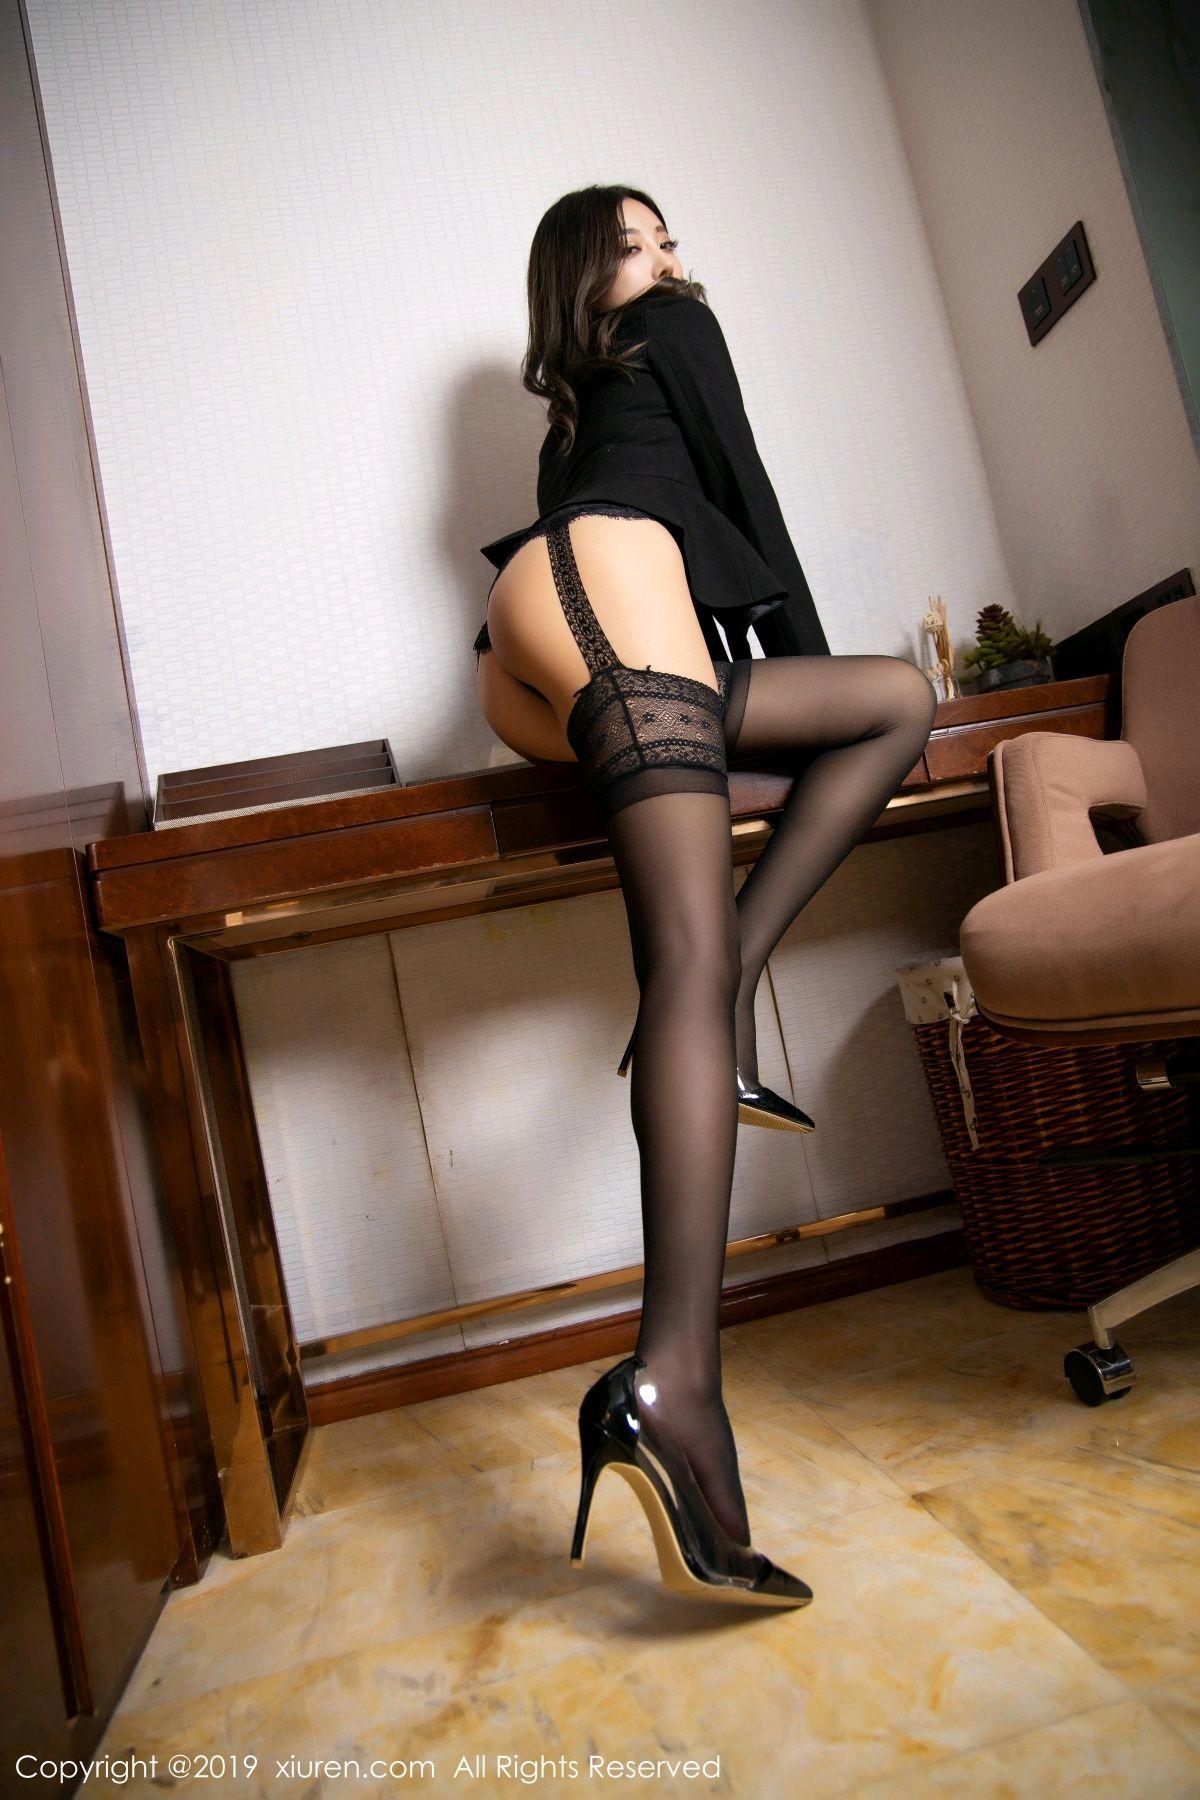 [XiaoYu] Vol.1633 Yang Chen Chen 17P, Black Silk, Tall, Uniform, XiaoYu, Yang Chen Chen
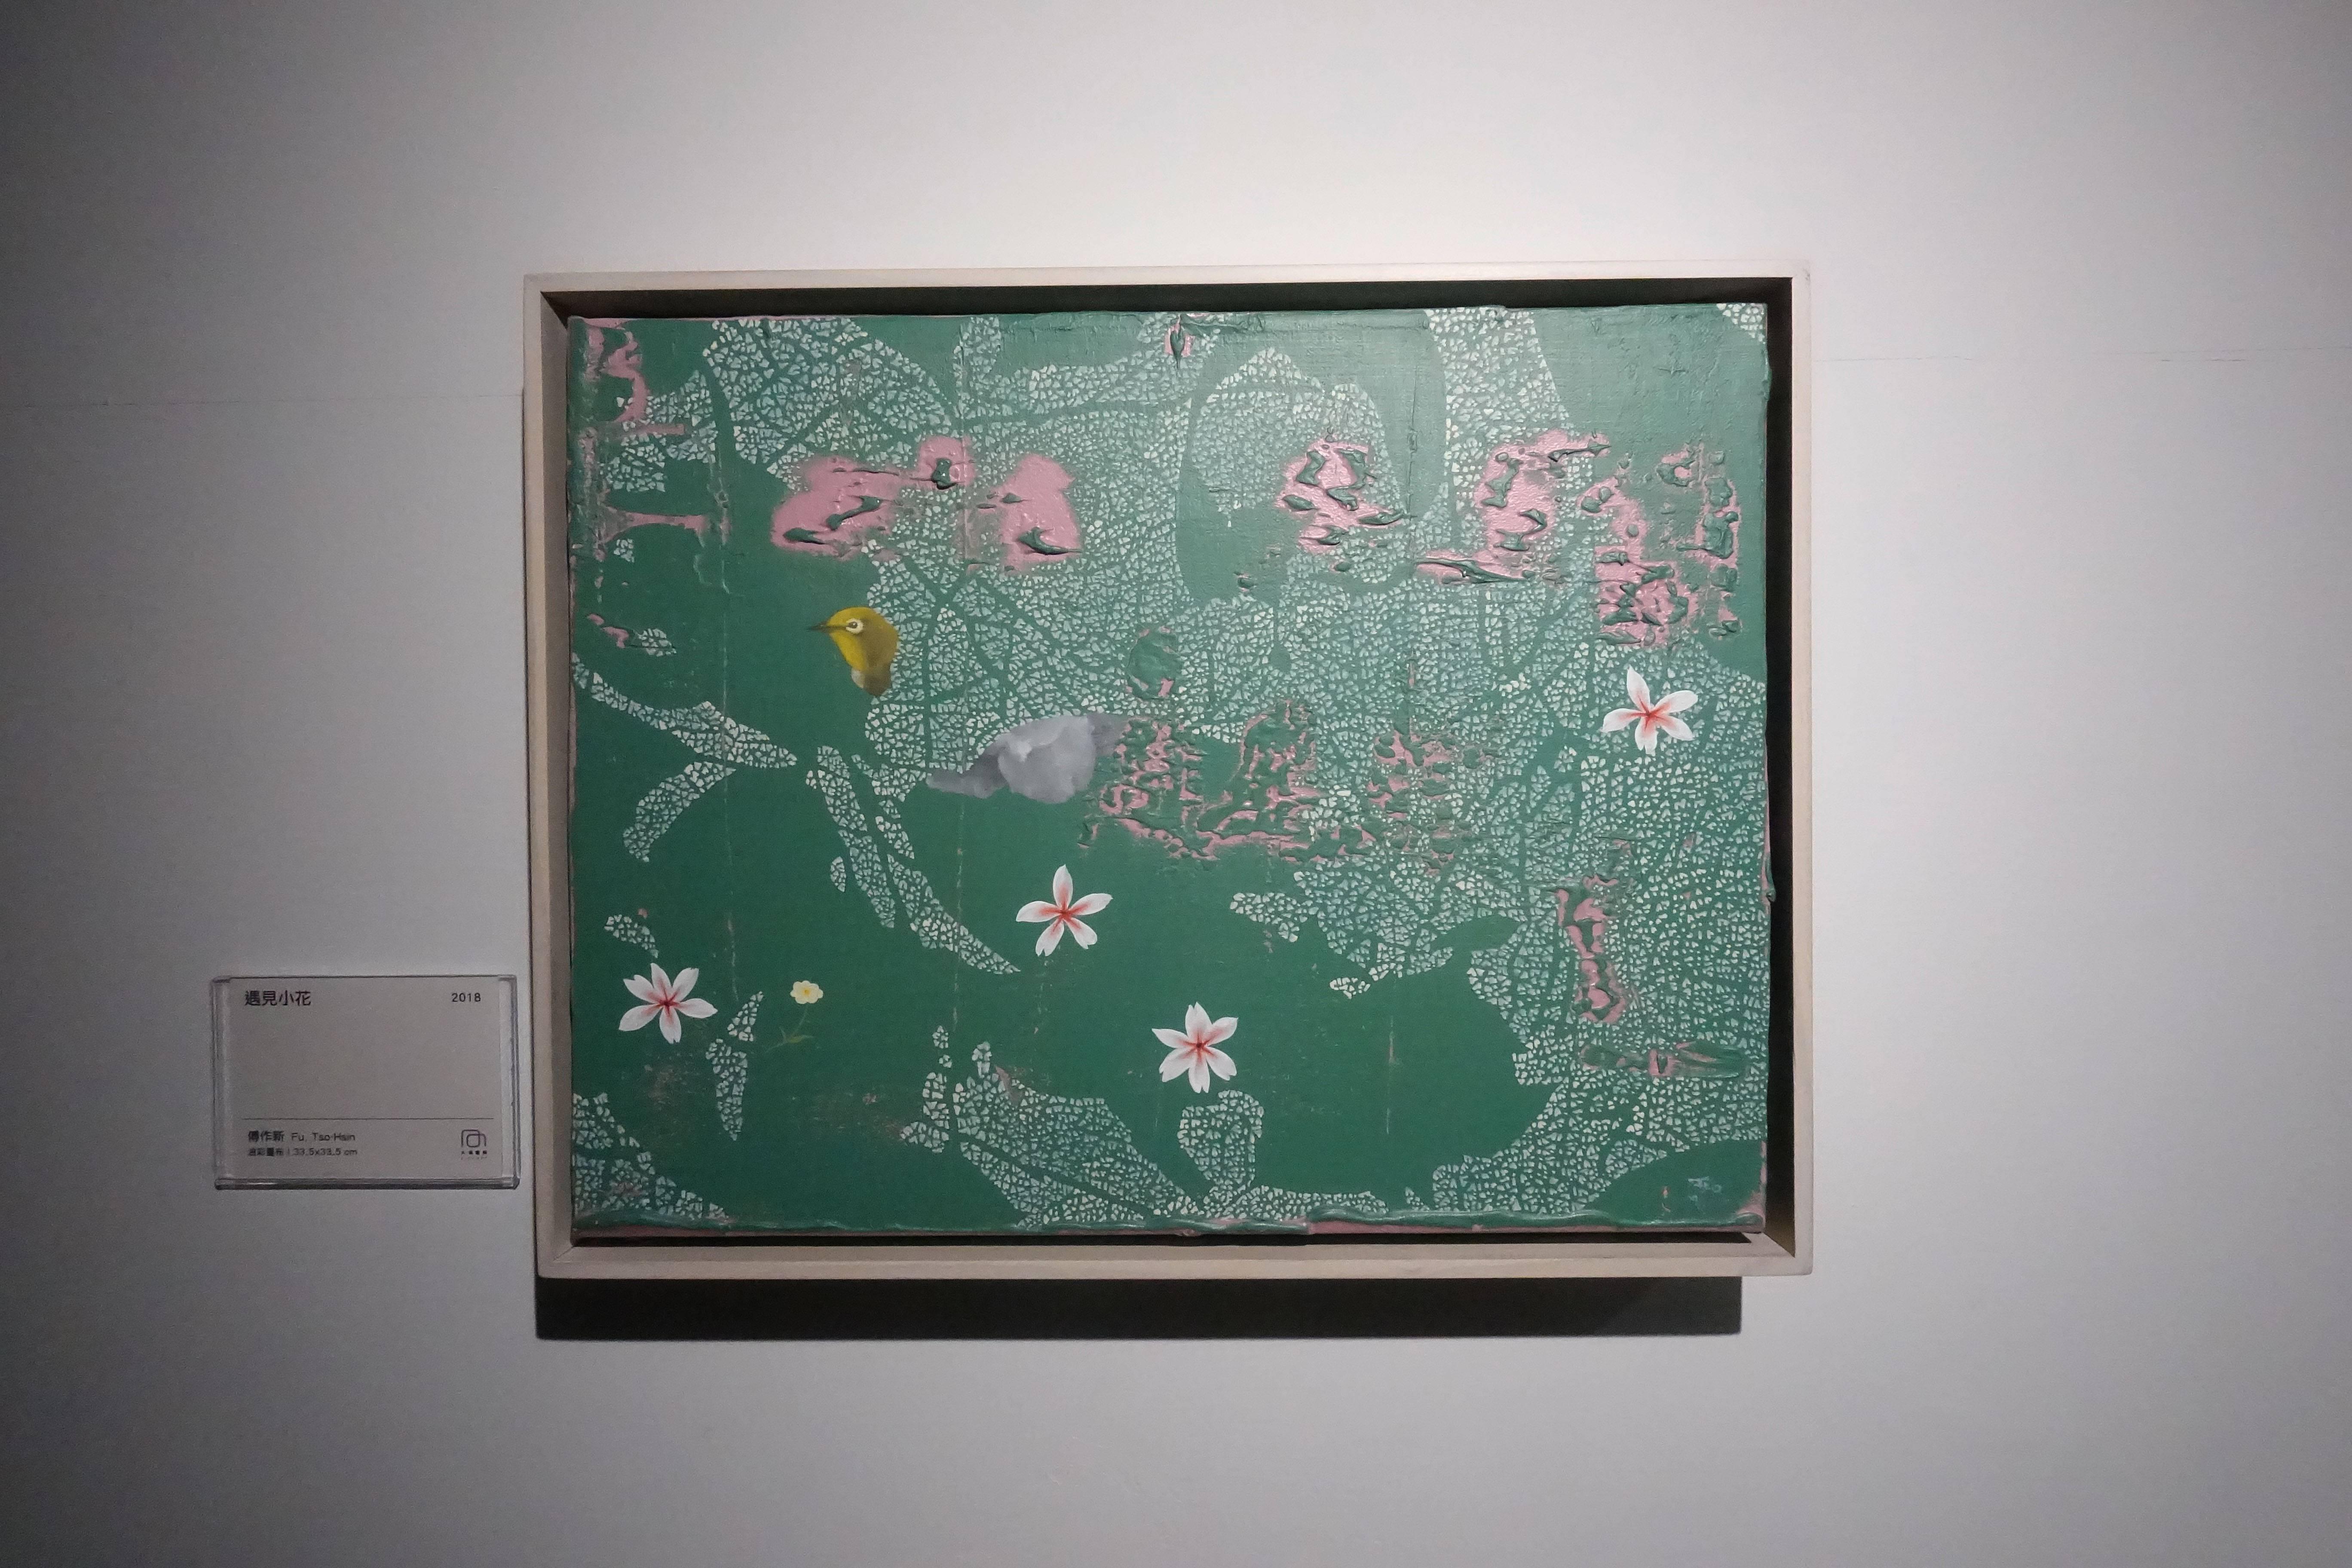 傅作新,《遇見小花》,油彩畫布,2018。
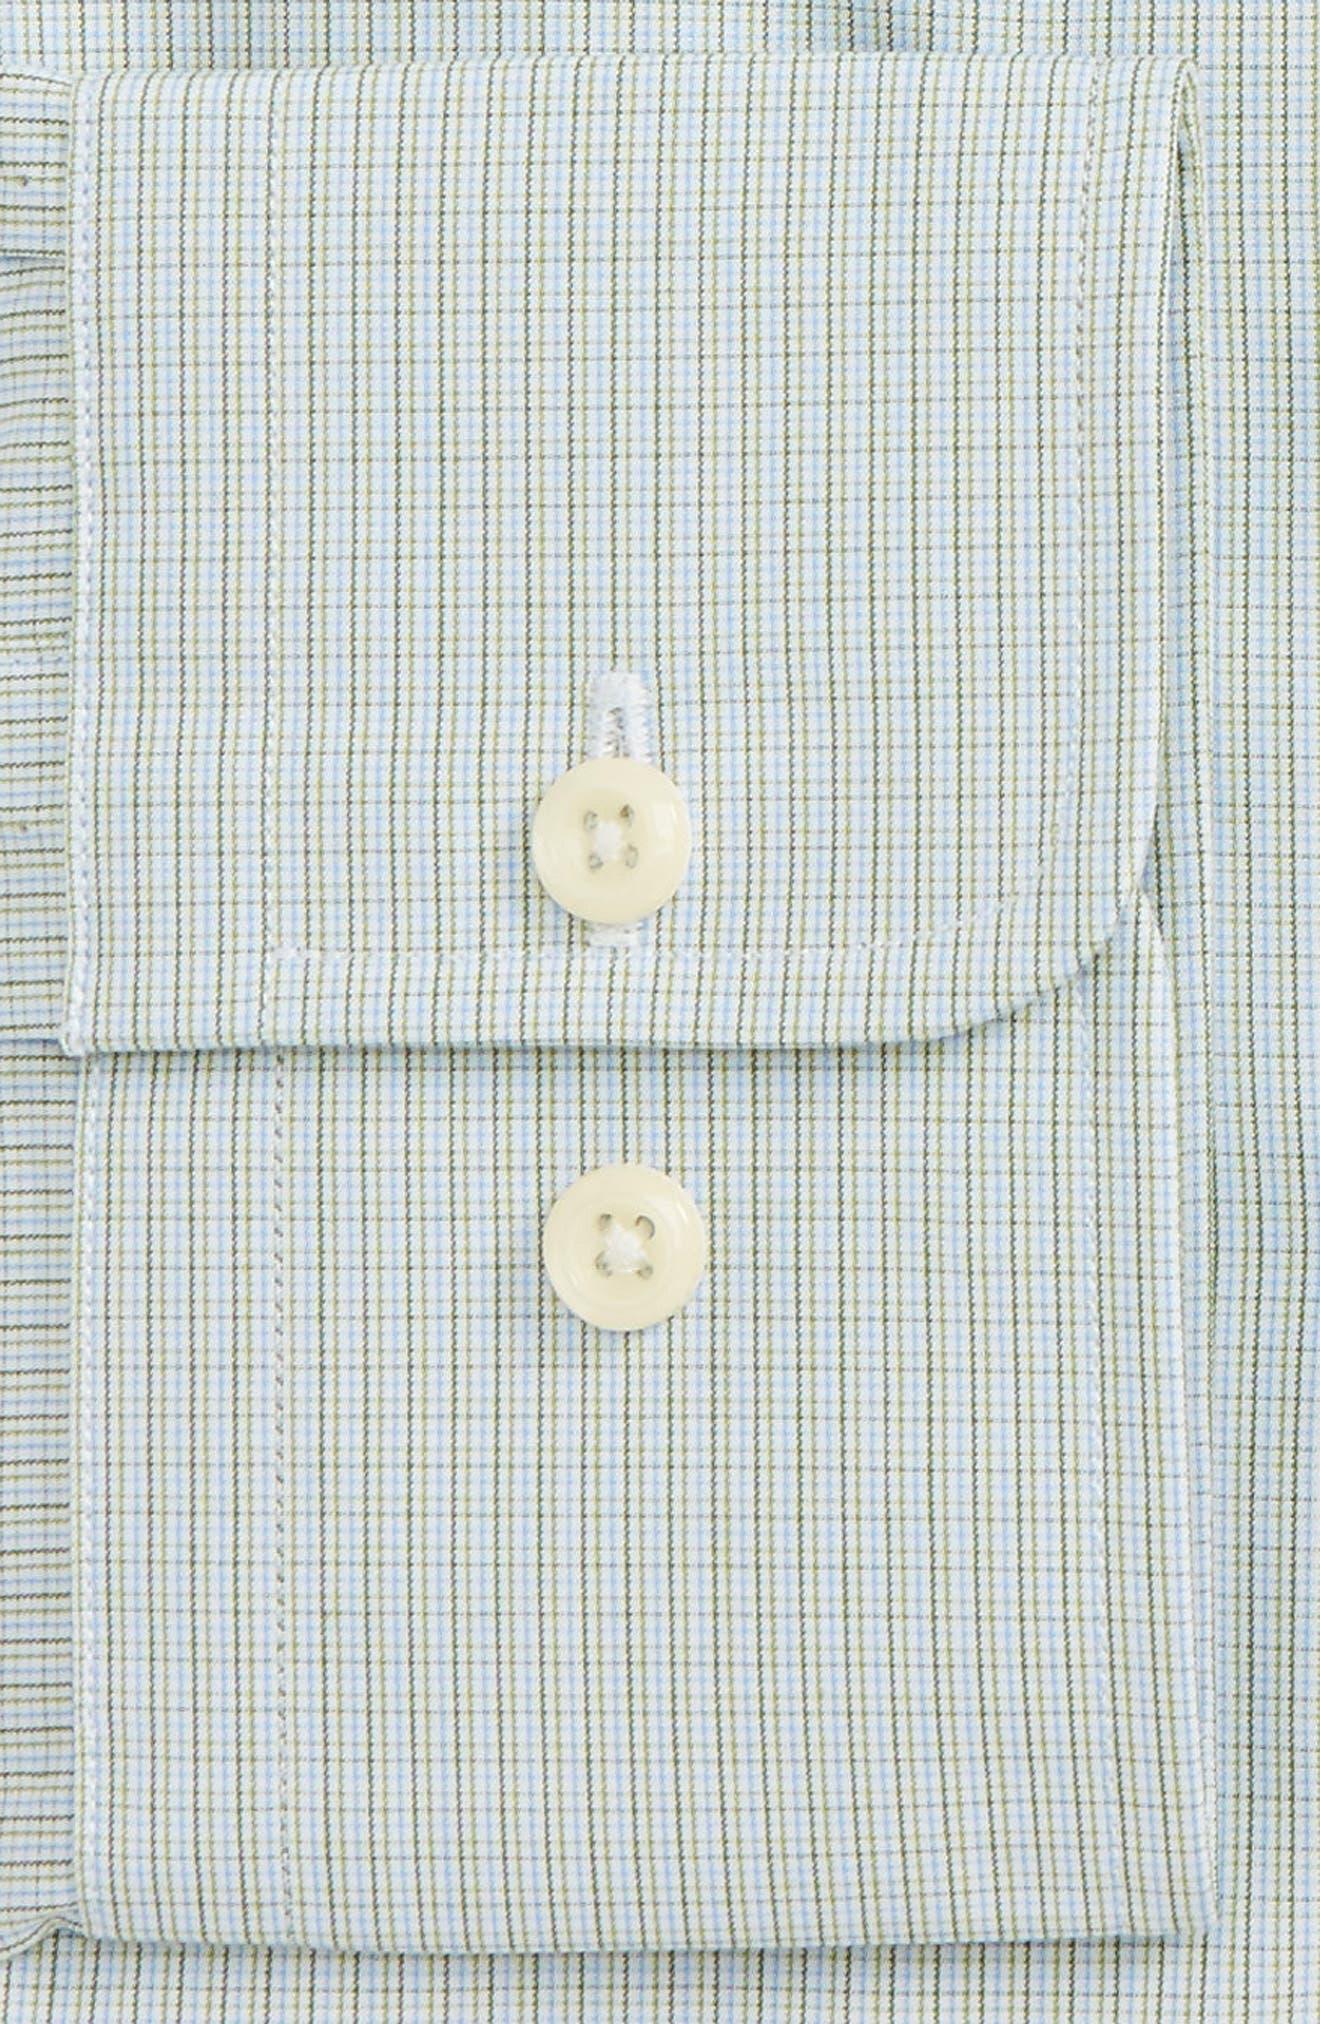 Trim Fit Check Dress Shirt,                             Alternate thumbnail 2, color,                             314

> _EXERCISE BRIEF_
Keep the pictures out, and write out the rest of the data above word for word.

> _ANSWER TO THE PROBLEM_
 [XiaoYu] Vol.1633 Yang Chen Chen 17P, Black Silk, Tall, Uniform, XiaoYu, Yang Chen Chen
 傅作新,《遇見小花》,油彩畫布,2018。
 Trim Fit Check Dress Shirt,                             Alternate thumbnail 2, color,                             314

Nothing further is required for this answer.